In our previous post, we began discussing estate taxes in New Jersey, putting a special emphasis on New Jersey’s inheritance tax.
Tax planning is a large component of estate planning. In establishing an estate plan, it is important for residents of New Jersey to be aware of the inheritance tax, and to figure it into their planning.
To take the example of a single woman who wishes to leave a portion of her wealth to her nieces and nephews. Under New Jersey’s inheritance tax, a niece or nephew receiving over $500 will a have to pay 15 percent on the first $700,000 of the bequest and 16 percent of the excess amount.
One thing such a person can do is take advantage of lifetime gifting, as New Jersey’s inheritance tax doesn’t apply to gifts made more than three years prior to death. Lifetime gifts will also cut down on the amount of federal estate tax due on the estate.

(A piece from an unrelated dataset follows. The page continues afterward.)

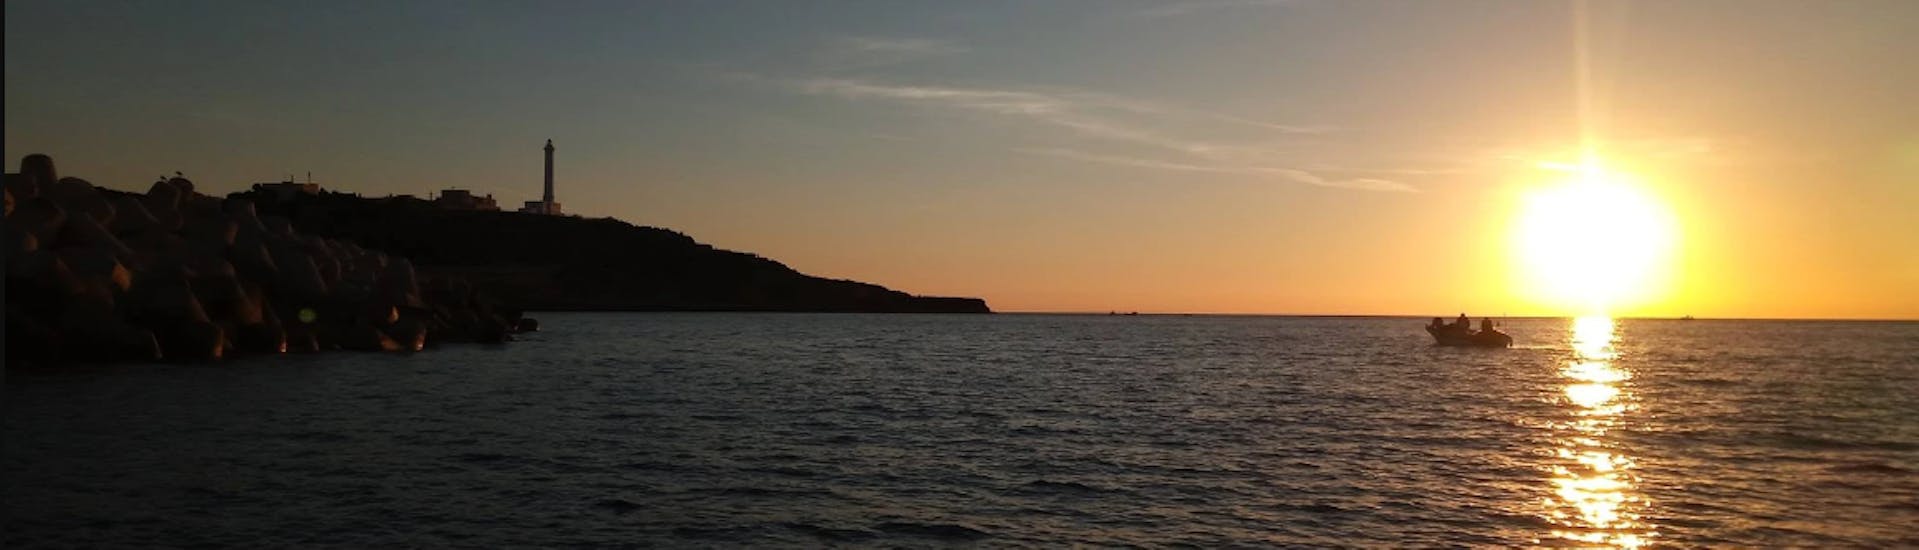 Picture of the view of the bay in front of the Leuca lighthouse at sunset from a boat from Leucos Escursioni Leuca during the Boat Trip from Santa Maria di Leuca to the Sea Caves.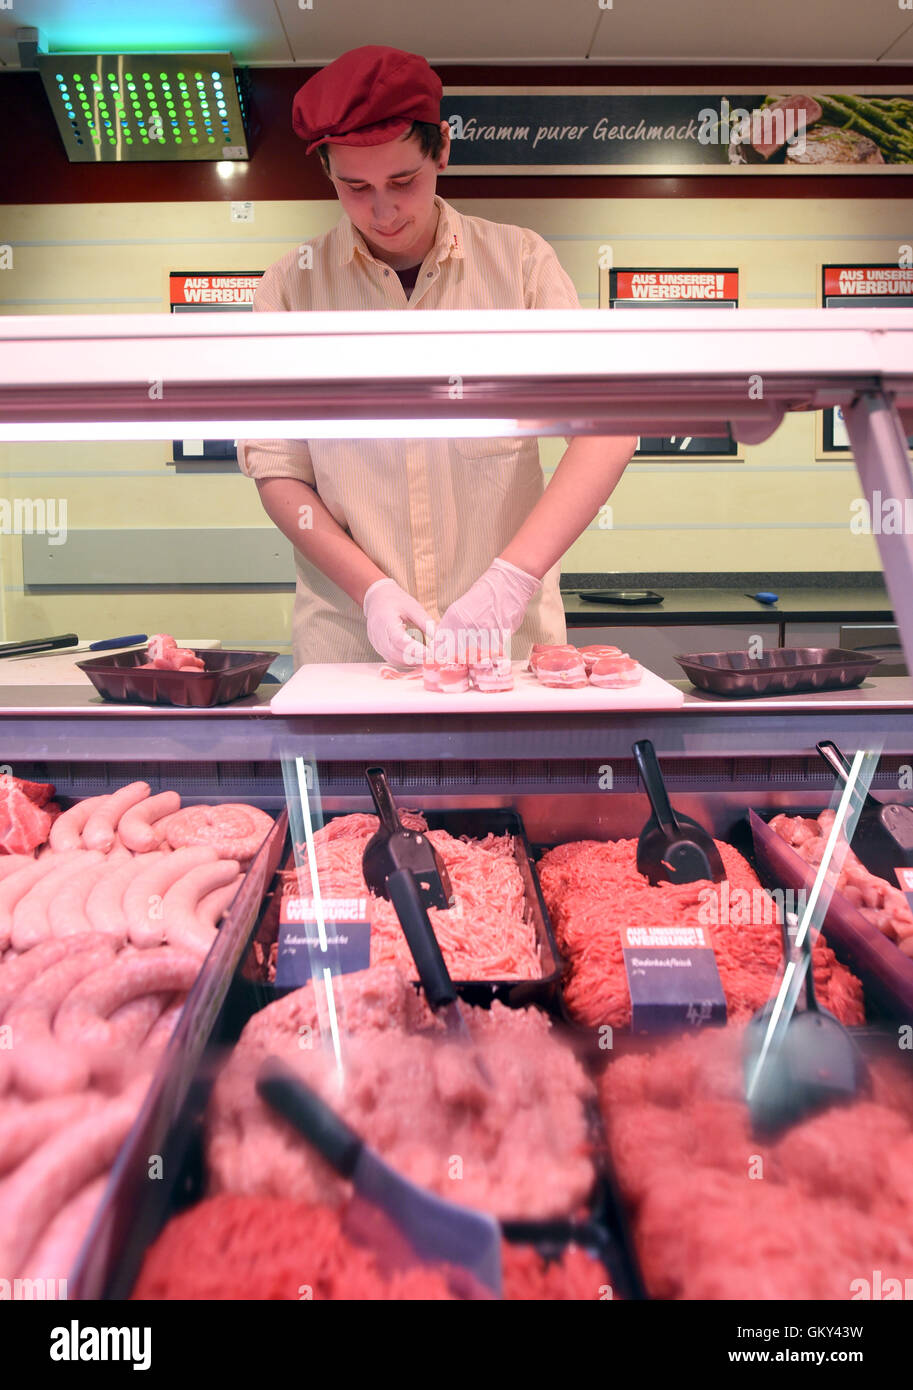 Moenchengladbach, Germany. 22nd Aug, 2016. Butcher trainee Maurice Feldbusch prepares medaillons of pork during a press appointment on the topic 'Job market factor trade: training and entry qualifications' in a branch of supermarket chain real,- SB-Warenhaus in Moenchengladbach, Germany, 22 August 2016. Photo: Henning Kaiser/dpa/Alamy Live News Stock Photo

One way to do this is to give each niece or nephew the full amount of the annual gift tax exclusion amount of $13,000 outright. That amount can be given each year to a separate beneficiary without reducing the lifetime federal gift tax exemption, which currently sits at $5 million. Such gifts could also be made to a separate trust for each beneficiary or a common trust that will be split between the beneficiaries.
One could also use a trust to hold life insurance designated to benefit nieces and nephews. In that case, the insurance premiums are paid with some or all of annual gifts. If properly set up more than three years prior to death, such trusts allow the proceeds of the life insurance policies to pass free of federal or state estate tax and New Jersey inheritance tax.
There are additional tax planning strategies that can be considered, but, as always, it is wise to consult an experienced estate planning attorney.